According to The Badger Herald, the CSO report concluded that SAE had acted to its “fullest capability” based on the information available to them, but despite largely exonerating the fraternity on that count, the Committee expressed dissatisfaction with its handling of the overall environment in light of subsequent reports of intolerant behavior.
The next incident on the timeline took place in March of 2015, when an SAE member “ran down State Street yelling a racial slur.” The university acknowledges that the fraternity expelled that member and suspended another who was “involved” in the incident, but notes that the expelled member “continued to be present at times at the chapter house.”
Three additional complaints were filed at irregular intervals over the course of this school year, all by the same student who claims to have been victimized at the 2014 Halloween party.
Sometime in fall 2015, the complainant asserts that he raised objections about “racial, anti-gay, and anti-Semitic slurs” he had overheard at the house, but was rebuffed by fellow members. Then, on December 22, he claims to have “heard another member yelling a racial slur outside the house,” though the fraternity says it was unable to identify the member in question.
A few months later, on February 26, the student filed another complaint, saying “he heard another member repeatedly singing a lyric containing a racial slur.” The other member denied the accusation, and no disciplinary action was taken.
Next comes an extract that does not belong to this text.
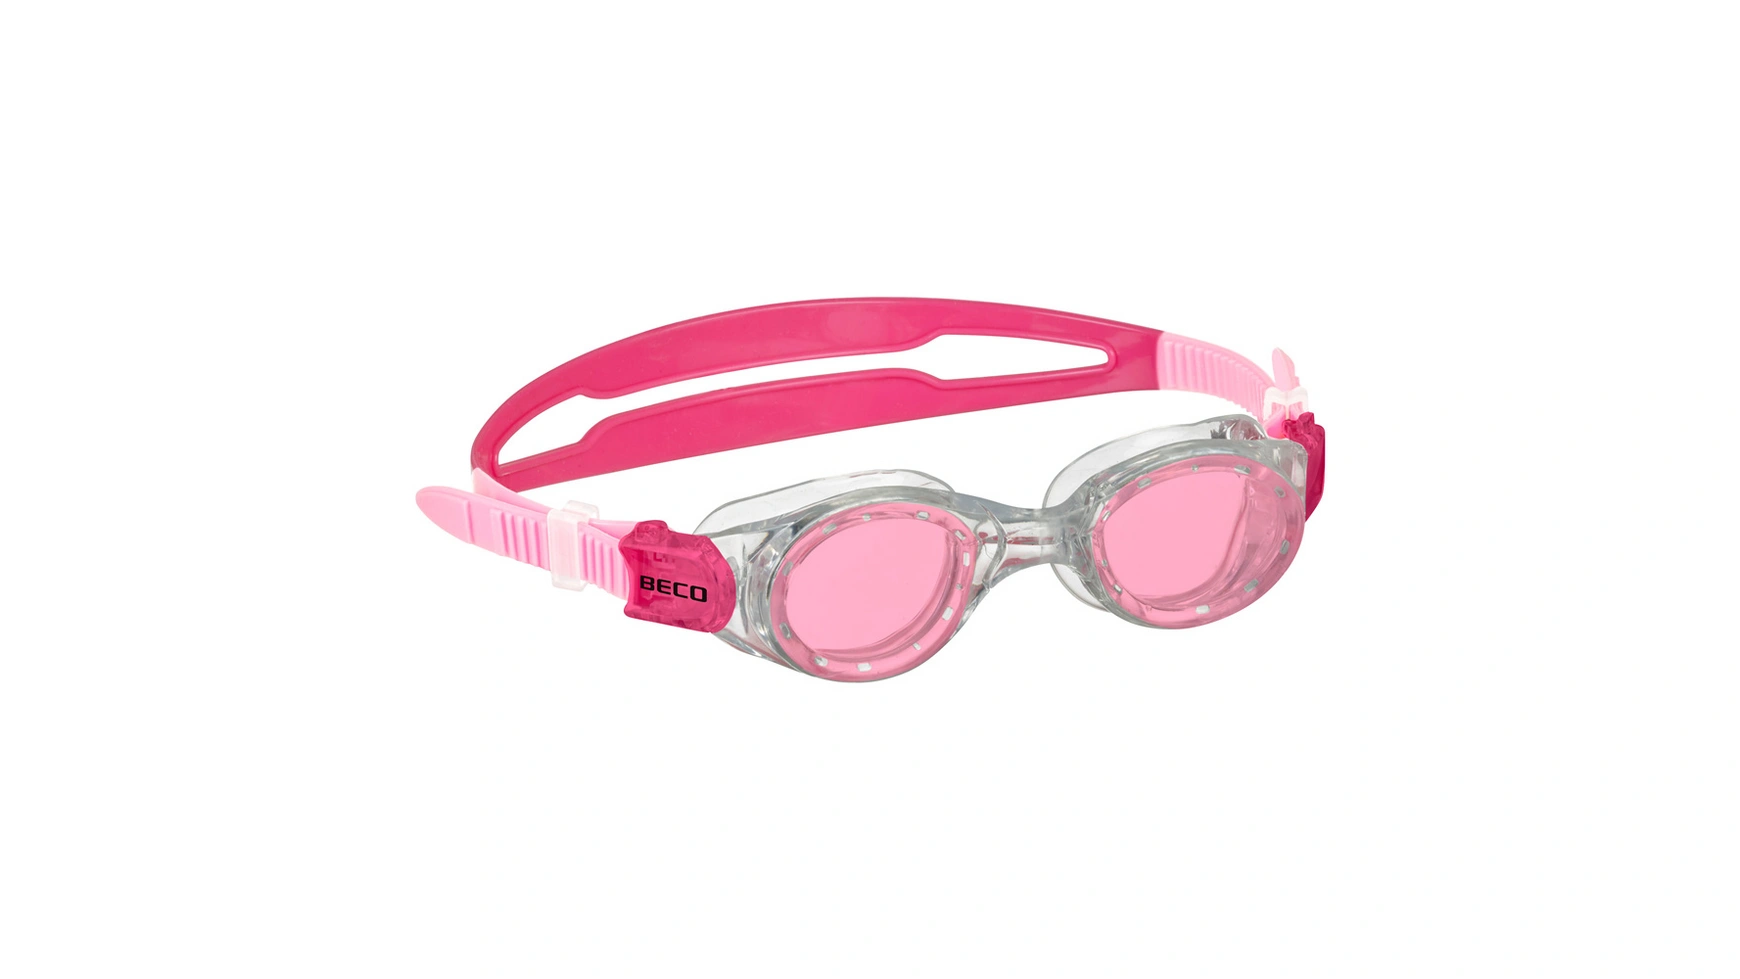 Beco Детские очки для плавания VIGO 8+ очки для плавания детские очки для плавания прямые продажи с завода водонепроницаемые противотуманные детские силиконовые очки очки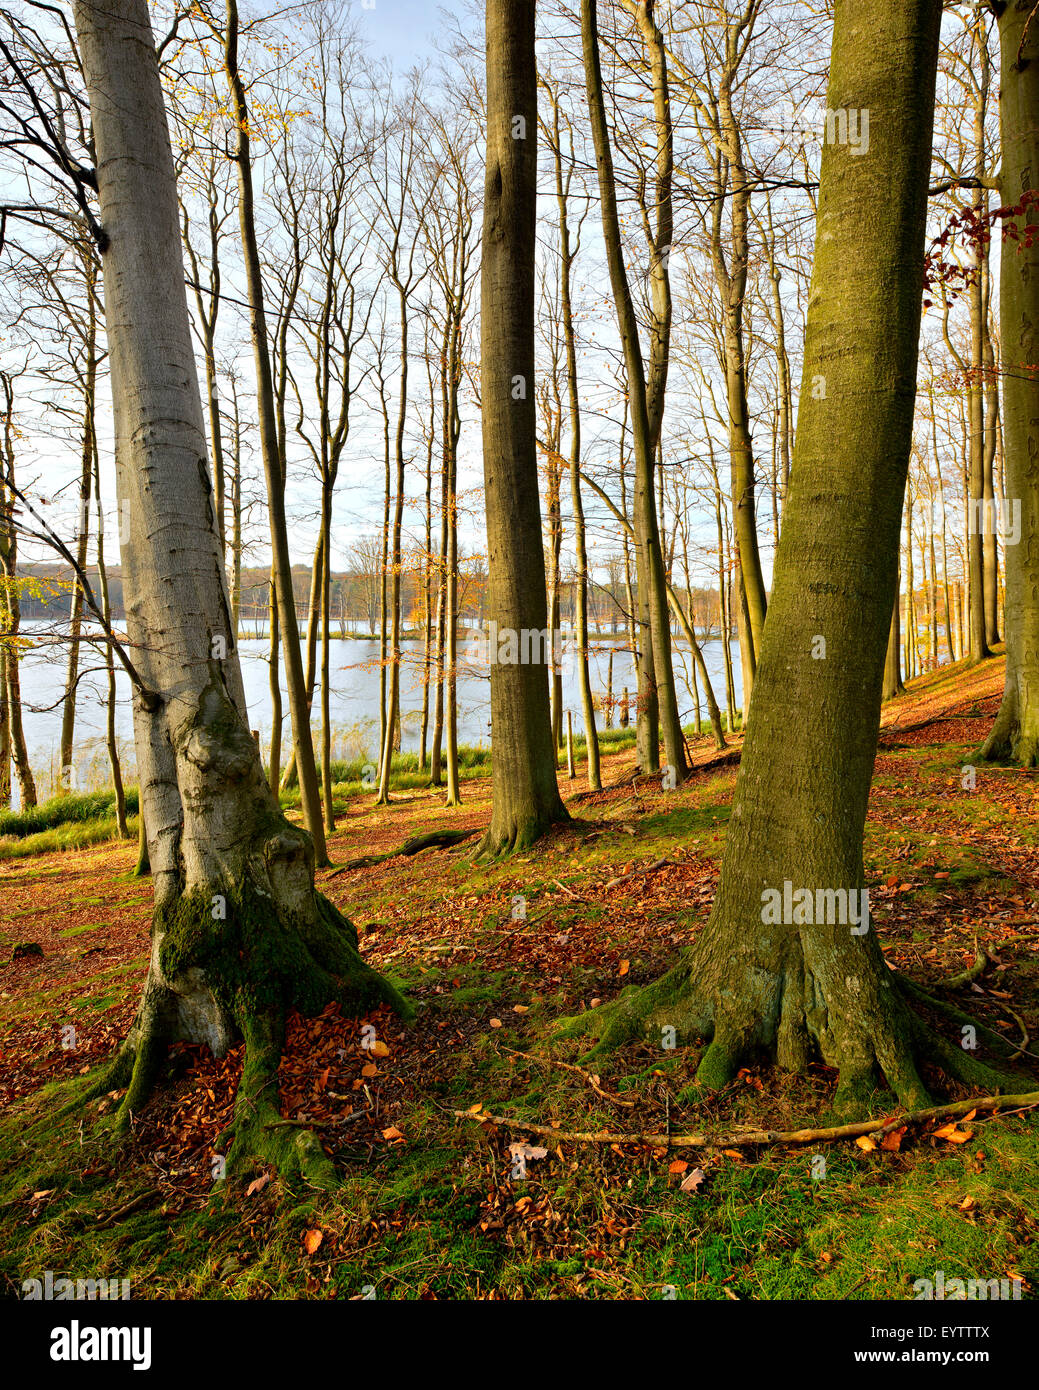 Germany, Mecklenburg-Western Pomerania, Mecklenburg-Vorpommern, Müritz National Park, branch Serrahn, autumn in the Schweingartensee (lake) Stock Photo

The following week, the complainant brought his charges to the university, prompting the Division of Student Life to launch a one-month investigation that served as the basis for the CSO’s eventual determination against SAE.
“[The CSO] is interested in changing behavior and making sure organizations come out of an incident stronger so problems are less likely to occur in the future,” UW spokesperson Meredith McGlone told The Badger Herald. “Behaviors that are unwelcoming, that are discriminatory, that’s what creates a bad campus atmosphere … [and] people pretending like it’s not happening is not going to help fix it.”
Brandon Weghorst, Associate Executive Director of Communications for SAE, told Campus Reform that the fraternity conducted its own investigation and determined that "several members" of the UW chapter engaged in unacceptable behavior, but disputed the university's assertion that SAE's failed to handle the situation effectively.
"When we find that the behavior of any member is inconsistent with our expectations, we work to eradicate that behavior," he said, adding that the national office also takes proactive steps, such as sending its field staff to campuses across the country to provide training on topics such as diversity & inclusion, sexual misconduct, and bystander intervention.
"We disagree with the university president's observation that Sigma Alpha Epsilon's national organization has an inability to address discrimination in our chapters," Weghorst continued. "In fact, the fraternity has enacted a large number of initiatives in the past year to combat intolerance, discrimination, or morally unacceptable behavior."
Moreover, he added, SAE "launched a four-pronged initiative to address diversity and inclusion, as well as cultural awareness," earlier this year, one component of which is a requirement that all current and future members complete a diversity-and-inclusion training program.